For any prime $p$ including $\infty$, $\mathbb{Q}_p$ be it's $p$-adic completion if $p$ is finite and $\mathbb{Q}_{\infty} = \mathbb{R}$. We say a quaternion algebra $K$ splits at $p$ if $$ K \otimes_{\mathbb{Q}} \mathbb{Q}_p \cong M_2(\mathbb{Q}_p )$$ Here, $\alpha^{2} , \beta^{2} \in \mathbb{Q}$ and $<0$, $\alpha. \beta = - \beta. \alpha$ otherwise we say $K$ is ramified at $p$.
(This isomorphism is algebra isomorphism)

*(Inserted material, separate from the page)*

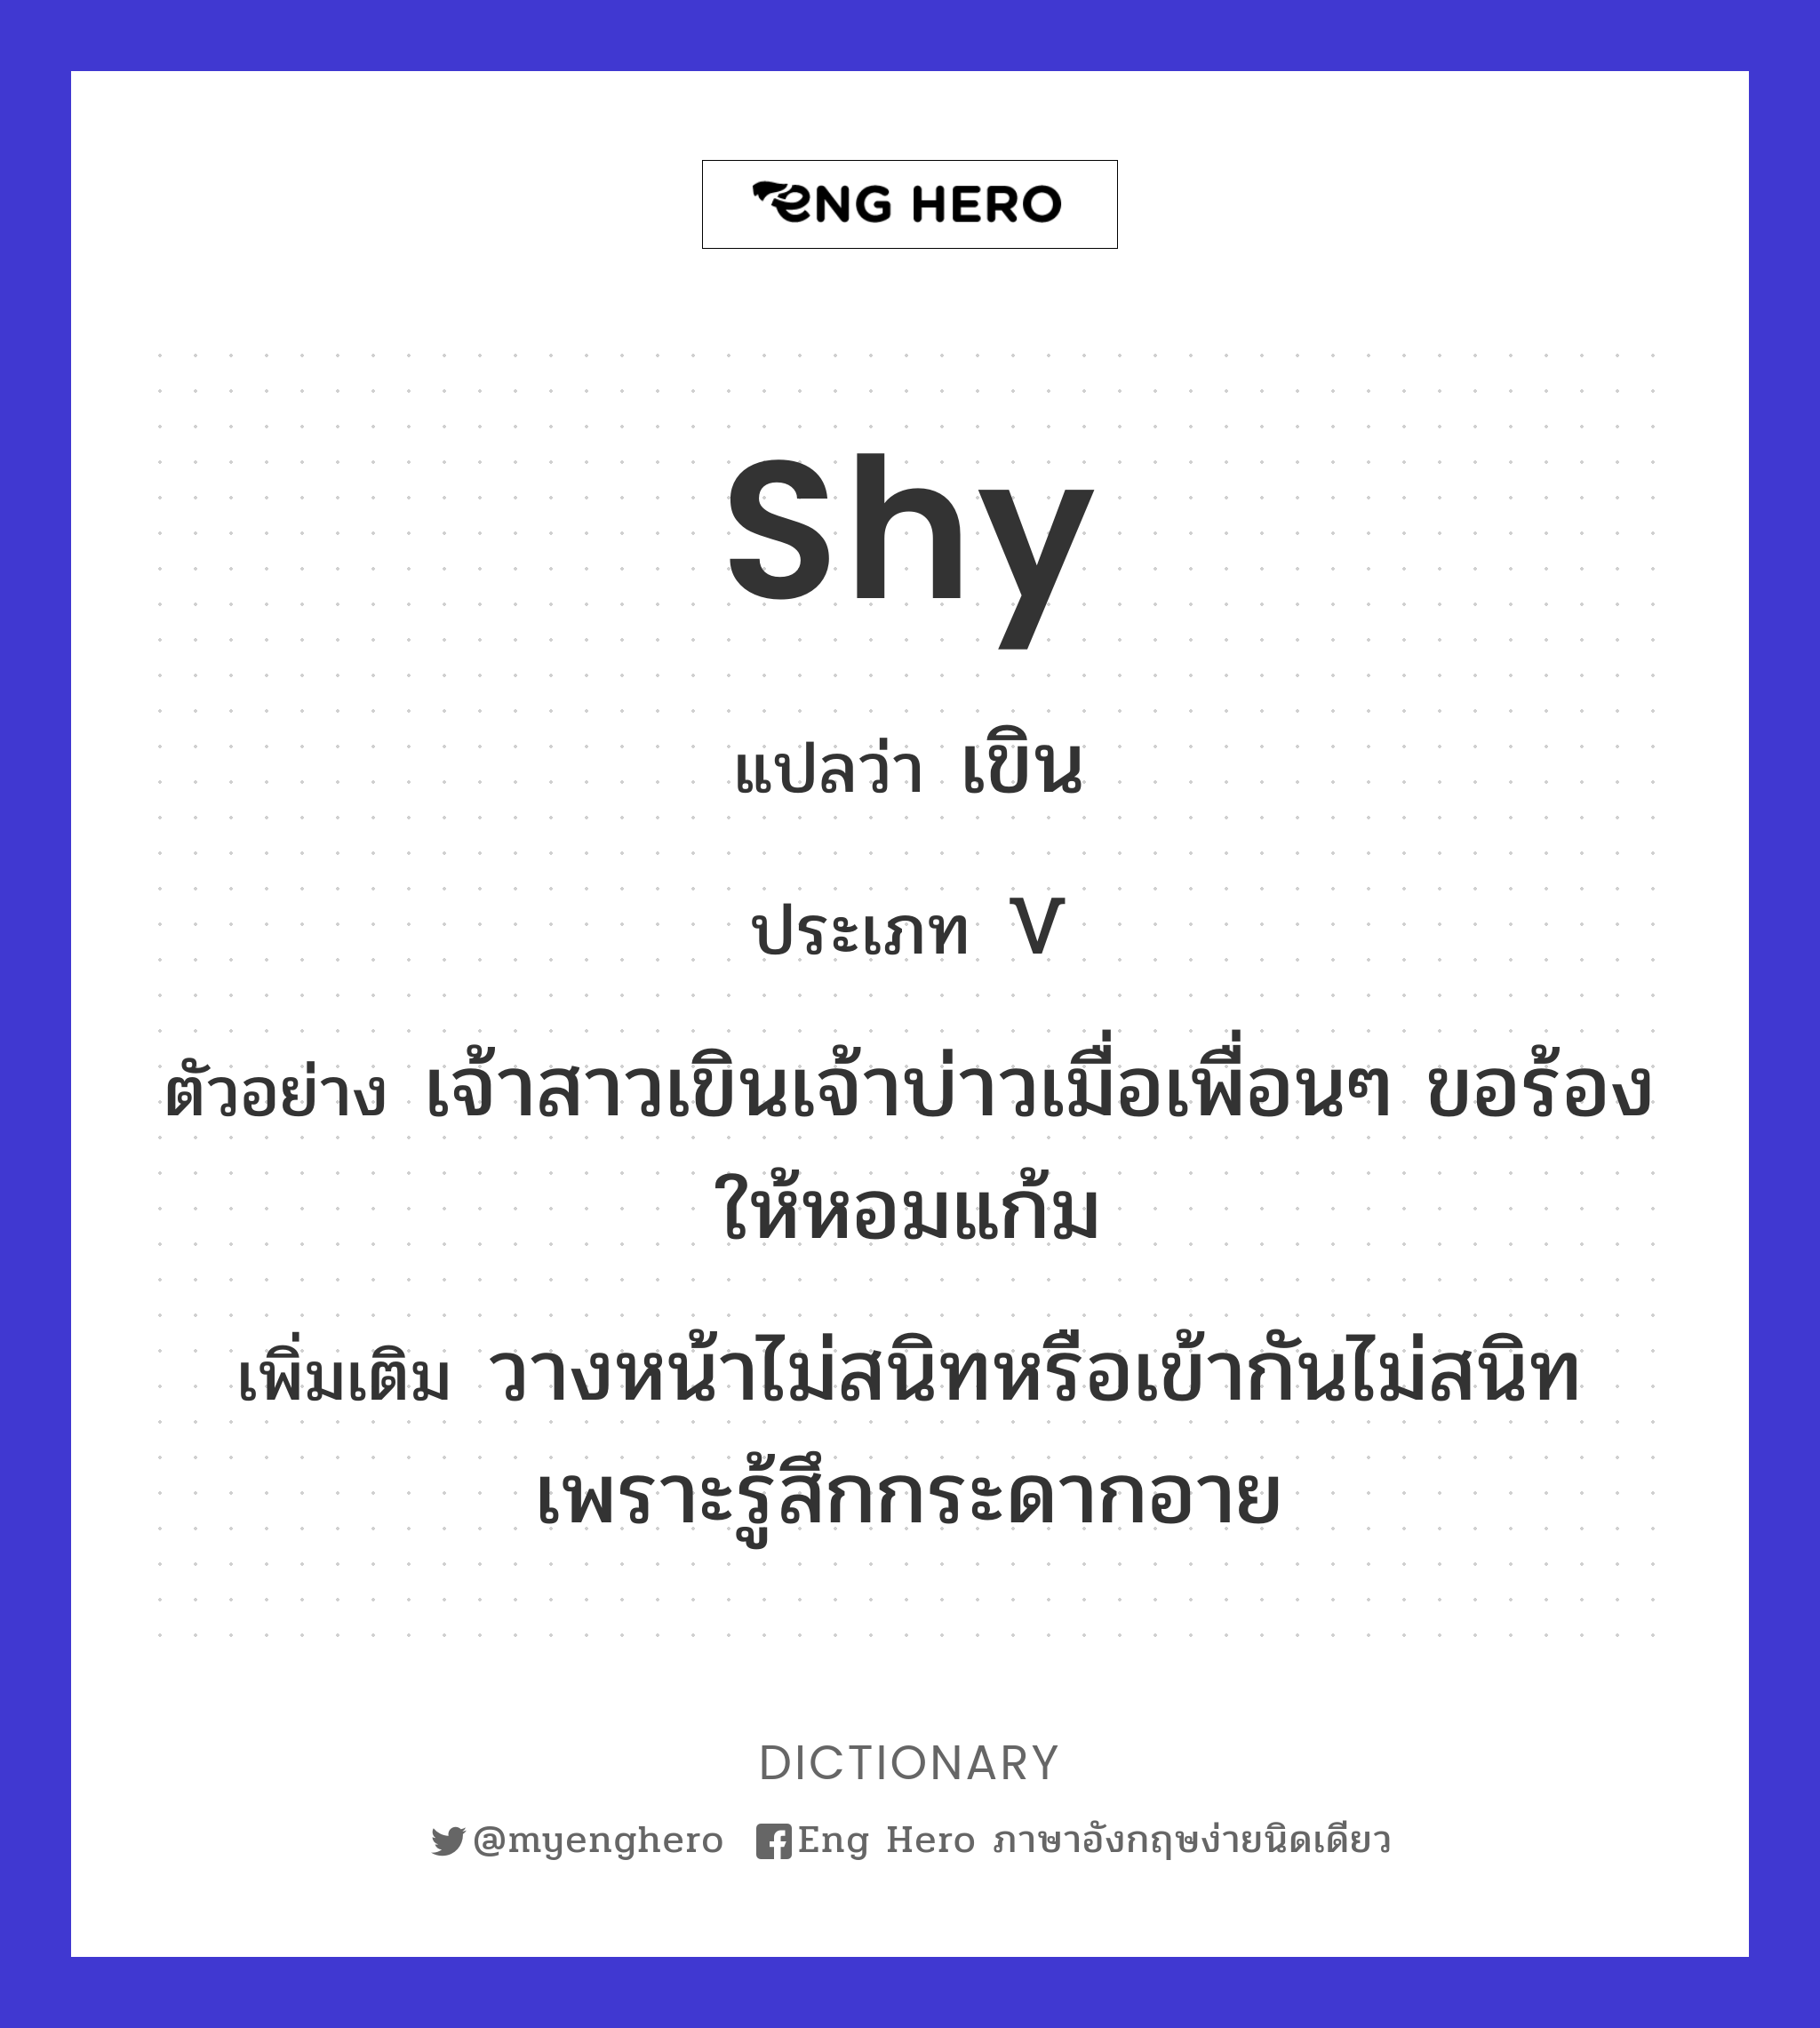 shy

Now, here for $K= \mathbb{Q} + \mathbb{Q} \alpha + \mathbb{Q} \beta + \mathbb{Q} \alpha. \beta $, and $\mathbb{Q}_{\infty} = \mathbb{R}$ and
$$ K \otimes \mathbb{R} = (\mathbb{Q} + \mathbb{Q} \alpha + \mathbb{Q} \beta + \mathbb{Q} \alpha. \beta) \otimes \mathbb{R}$$
$$= (\mathbb{Q} \otimes \mathbb{R}) + (\mathbb{Q} \alpha \otimes \mathbb{R}) + (\mathbb{Q} \beta \otimes \mathbb{R}) + (\mathbb{Q} \alpha. \beta \otimes \mathbb{R})$$
$$= \mathbb{R} + \alpha (\mathbb{Q} \otimes \mathbb{R}) + \beta (\mathbb{Q} \otimes \mathbb{R}) + \alpha. \beta (\mathbb{Q} \otimes \mathbb{R})$$
$$\cong \mathbb{R} + \alpha \mathbb{R} +\alpha \mathbb{R} + \alpha. \beta \mathbb{R} $$
And $M_2(\mathbb{R})$ on the right side. I know I have to show that these two algebras are not isomorphic. The hint says that $M_2(\mathbb{R})$ has zero divisors and since $K \otimes \mathbb{R}$ is a division algebra, it does not. Hence, they cannot be algebra isomorphic.
Is my solution correct?
Any kind of help is appreciated.
Thanks!